La deuxième vague de retour des «djihadistes marocains » a eu lieu après la fin du conflit en Bosnie-Herzégovine, auquel avaient participé des combattants partis du Maroc en vue de combattre les Serbes, mais leur nombre était faible par rapport à ceux d’Afghanistan.
La troisième vague de « djihadistes marocains » est née après les attentats terroristes du 11 Septembre aux États-Unis, où un certain nombre de combattants sont partis en Afghanistan pour lutter contre les forces occidentales, notamment Américaines. La nouveauté est que des membres de la communauté marocaine en Europe ont fait partie de cette vague, alors qu’auparavant ils se contentaient de fournir une aide financière.
La participation des Marocains dans la lutte contre les forces américaines en Irak fait partie de cette troisième. C’est là qu’ils vont acquérir la maitrise des techniques des voitures piégées et des attentats suicides.
Le conflit en Syrie constitue la quatrième vague de « djihadistes marocains ». Leur nombre est assez élevé et certains occupent des positions de commandement. On y trouve des jeunes des villes occupées Ceuta et Melilla, dont la plupart ont effectué le service militaire dans l’armée espagnole, occasion d’apprendre les techniques de combats à l’occidentale.
En fait, la Maroc n’a pas vraiment souffert directement de ses « djihadistes » à leur retour. Ils ne se sont impliqués ni dans les attentats terroristes à Casablanca, ni dans ceux du 11 Mars à Madrid. À partir de la troisième vague, les services de sécurité marocains ont parié sur «la guerre préventive contre le terrorisme», en procédant à l’arrestation des suspects.
Le contexte du moment avait favorisé ces arrestations parce que le monde vivait au diapason de la guerre contre le terrorisme. En conséquence, les violations des droits de l’homme au Maroc et dans le monde passaient quasi-inaperçues.
Concernant la quatrième vague, il semblerait qu’un accord russo-américain sera appliqué en 2014 pour mettre fin aux combats en Syrie. La conférence de Genève 2 pourrait ouvrir la voie à une trêve, ce qui pourrait signifier le retour des combattants marocains au Maroc.

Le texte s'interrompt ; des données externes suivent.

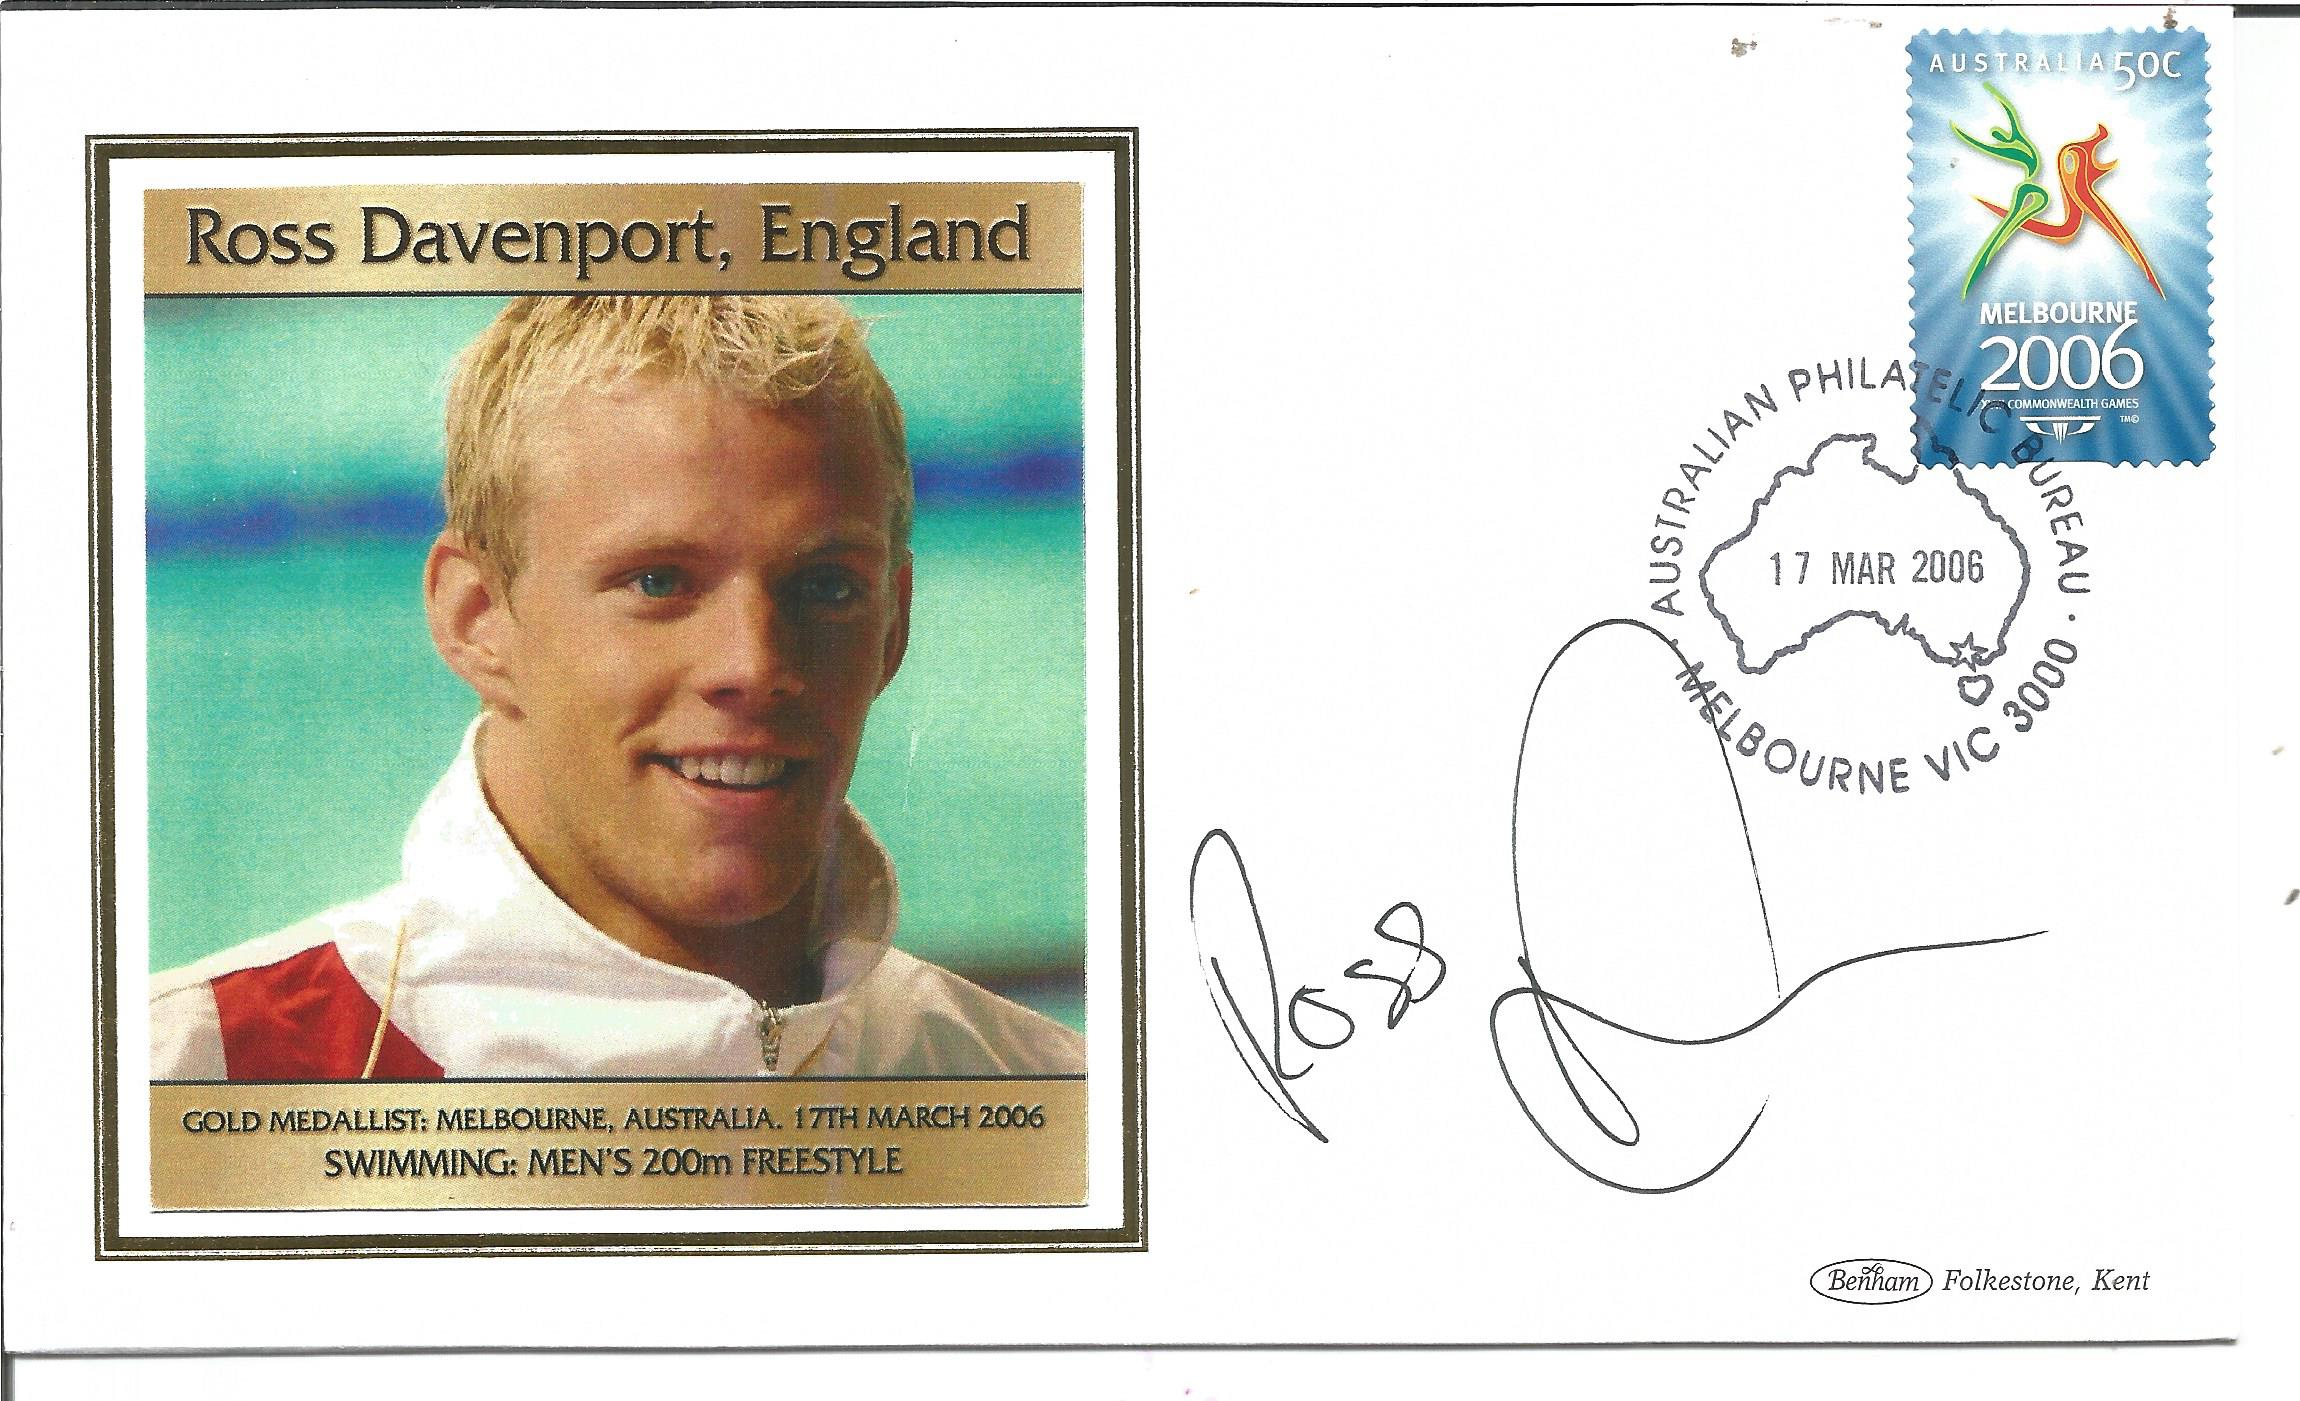 Olympic medal winner Ross Davenport signed Benham Melbourne Olympics silk FDC to commemorate the

Ce retour constitue un grand défi pour les organes sécuritaires et judiciaire, car l’État aura beaucoup de mal à répéter le scénario des arrestations tous azimuts de 2003-2007, puisqu’au moment du départ en Syrie des combattants marocains, il a fermé les yeux, comme le reste des pays occidentaux.
Dans l’ensemble, aucune implication des « djihadistes marocains » qui sont retournés au Maroc n’a été constatée directement dans les attentats-suicides au Maroc, mais ils provoquent des tensions sociales graves parfois. Il est donc peu probable qu’ils s’aventurent dans des attentats au Maroc, après leur retour. Mais la réalité et la logique sécuritaire imposent la plus grande prudence, d’autant plus que certains d’entre eux sont convaincus que toute la société marocaine est impie sauf les salafistes :
Dans ces conditions, l’État peut se trouver contraint de solliciter les leaders de la doctrine salafiste au Maroc, tels que Haddouchi, Fizazi, Kettani et Abou Hafs, afin de jouer le rôle de soupape de sécurité et engager le dialogue avec les revenants, en vue de les assimiler politiquement et socialement, à moins que le scénario des arrestations massives ne soit reconduit.